4.2. B. cereus Clonality and Plate-Level Heterogeneity

Another important contribution of this work is the evaluation of the clonality of B. cereus organisms derived from the same collection specimen (within plates). We found that in an all-against-all SNP distance comparison in the milk-, patient-, and environment-derived isolate categories, more than 70% of SNP distances were restricted to the range of 0–5 SNPs, and all categories followed a bimodal SNP distribution. This was evidence that, overall, B. cereus colonies originating from the same plate are more related to each other than to B. cereus colonies between plates. However, the normal microbiological practice of recovering more than one colony appears justified, since, in some plates, we recovered genetically different organisms. We have shown here that a core genome SNP cutoff of 14.5 permits differentiation between near-identical and different genomes for organisms growing from the same plate. While direct genomic studies of multiple B. cereus subtypes from the same plate are limited, broader research on human mastitis, as well as reports from the dairy industry, have shown that single milk- or processing-line samples often harbor genetically distinct B. cereus, even within the same sample [38,39]. These findings reinforce the importance of multi-colony sampling when evaluating contamination risks, particularly in milk-related settings relevant to neonatal care. Although milk dispensed by HMBs is rigorously screened, pre-pasteurization samples may harbor multiple genetically distinct B. cereus strains, whereas clinical infections typically involve a single strain (pure culture). While a comparison between pre- and post-pasteurization samples would have been more informative, all human milk plates were grouped for analysis due to the small number of total pre-pasteurization plates in the dataset. Multiple colonies were sampled from 39 of 98 milk plates (39.8%), revealing substantial genetic diversity, with within-plate pairwise SNP distances ranging from 0 to over 72,000 (Table S4). This underscores the necessity of sampling more than one colony per plate when attempting to trace potential sources of infection. Notably, wide within-plate SNP variation was observed among milk-derived isolates (mean = 4105 SNPs; SD = 9530), confirming that selecting a single colony would have missed substantial strain diversity in many cases.

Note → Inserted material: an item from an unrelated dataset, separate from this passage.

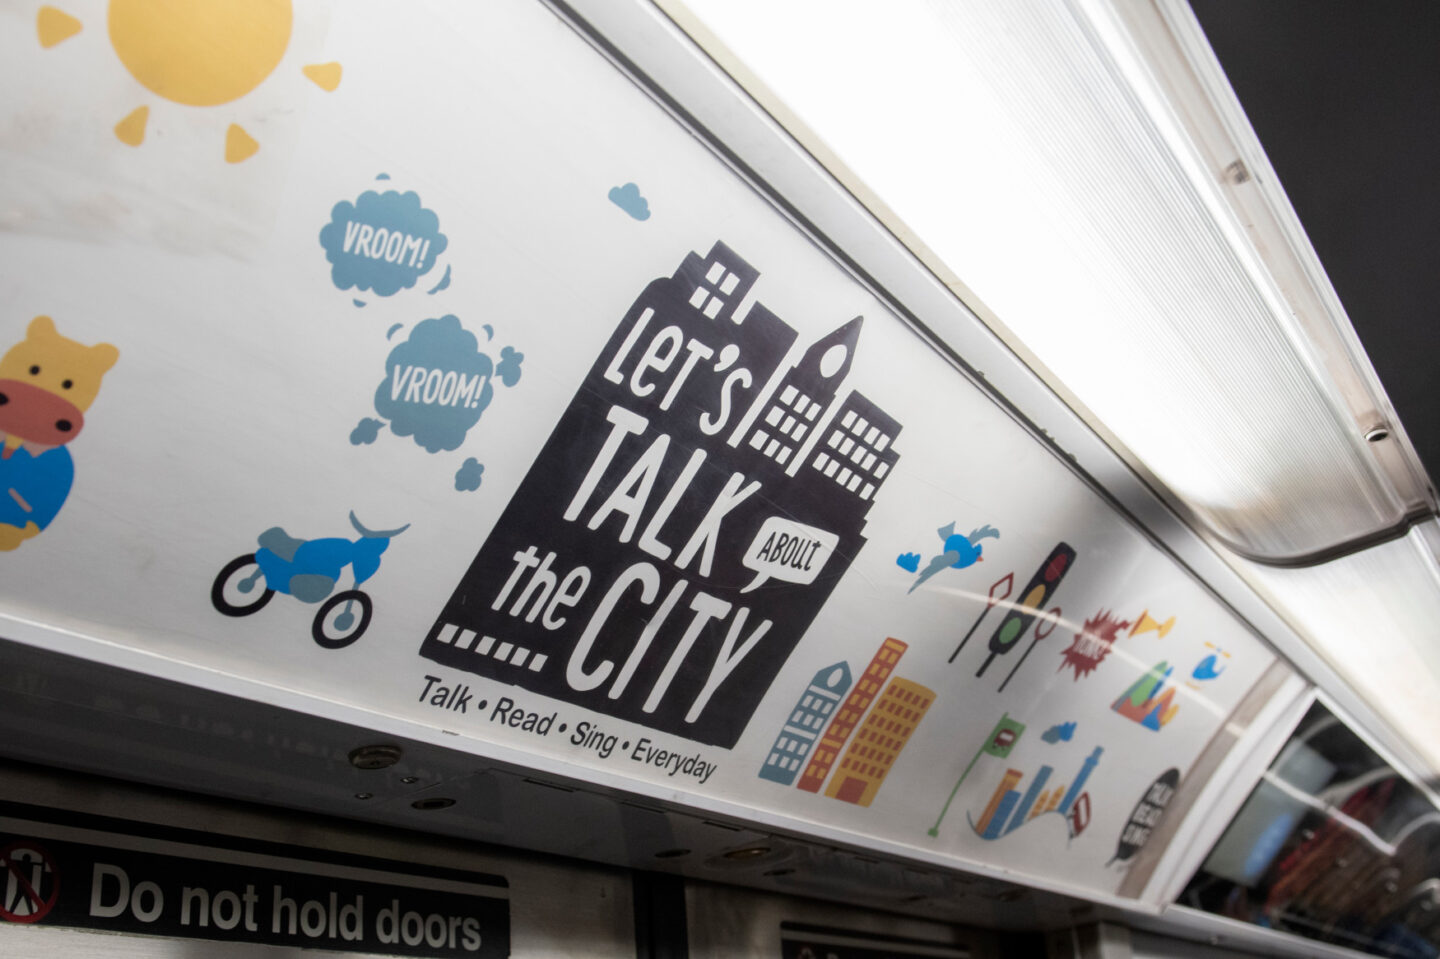 A subway ad featuring illustrations and conversations prompt. In the middle it says, "Let's talk about the city" and "Talk. Read. Sing. Everyday."

4.3. Multifactorial Sources of B. cereus Contamination and Practical Mitigation

Despite the lack of organization and structure at isolation source level, hierarchical Bayesian analysis of a phylogenetic tree constructed from core genome SNPs revealed a highly ordered underlying B. cereus population structure composed of nine discrete clusters. While patient-derived isolates appeared to cluster closely between themselves (e.g., within 0–12 SNPs), these typically represented multiple colonies from the same clinical isolate rather than independent infections from different patients. This tight clustering likely reflects within-isolate homogeneity rather than evidence of person-to-person transmission or the selection of particularly virulent genotypes. We also identified strong clustering of post-HoP milk-derived isolates, which suggests that the selection pressures introduced by HoP influences the type of B. cereus organisms that are recovered post-pasteurization; however, the clusters of post-HoP milk-derived isolates belonged to different phylogenetic clades. Although our findings underscore the widespread environmental presence of B. cereus, we also sought to determine whether there was genomic evidence pointing towards the survival of spores through pasteurization or recontamination post-HoP. To explore this hypothesis, we examined SNP-based clustering and phylogenetic relationships among isolates. In several cases, post-HoP isolates clustered closely (≤15 SNPs) with pre-HoP or environmental isolates, consistent with the survival of clonal strains through the HoP process, possibly as spores. In contrast, other post-HoP isolates showed no close relationship with any pre-HoP strain, suggesting the possibility of recontamination during or after milk-handling. These complementary patterns support the likely coexistence of both mechanisms, i.e., spore-mediated persistence and post-HoP contamination, within our dataset. A key limitation of our study, however, is the absence of matched pre- and post-HoP isolates from the same milk pool or donor batch. Although milk was sampled before and after pasteurization, the lack of linked identifiers across sampling points prevented direct strain-level comparisons that could have more definitively distinguished between these two scenarios.
Consistent with these findings, patient-derived isolates and environmental isolates were interspersed in these same clusters, making it difficult to pinpoint the source of contamination. The absence of source-specific clustering underscores the multifactorial nature of contamination and emphasizes the importance of the rigorous standards already in place for donor milk-processing. Current practices, including hygienic expression protocols, equipment sterilization, and donor-screening, form an essential foundation for minimizing the initial bacterial load. Maintaining these high standards, alongside environmental monitoring and regular workflow reviews, may further enhance the ability to detect and mitigate rare or unpredictable sources of contamination, particularly in processing and storage areas [36,37]. Moreover, the implementation of predictive microbiological risk models may allow for real-time adjustments in response to contamination trends [29]. Furthermore, our findings show that B. cereus is not only a significant environmental contaminant in HMB but also in the NICUs. Although there is no evidence linking these settings to neonatal patient infections, continued environmental monitoring and regular workflow reviews may reinforce the strong safeguards already in place to protect these vulnerable patients.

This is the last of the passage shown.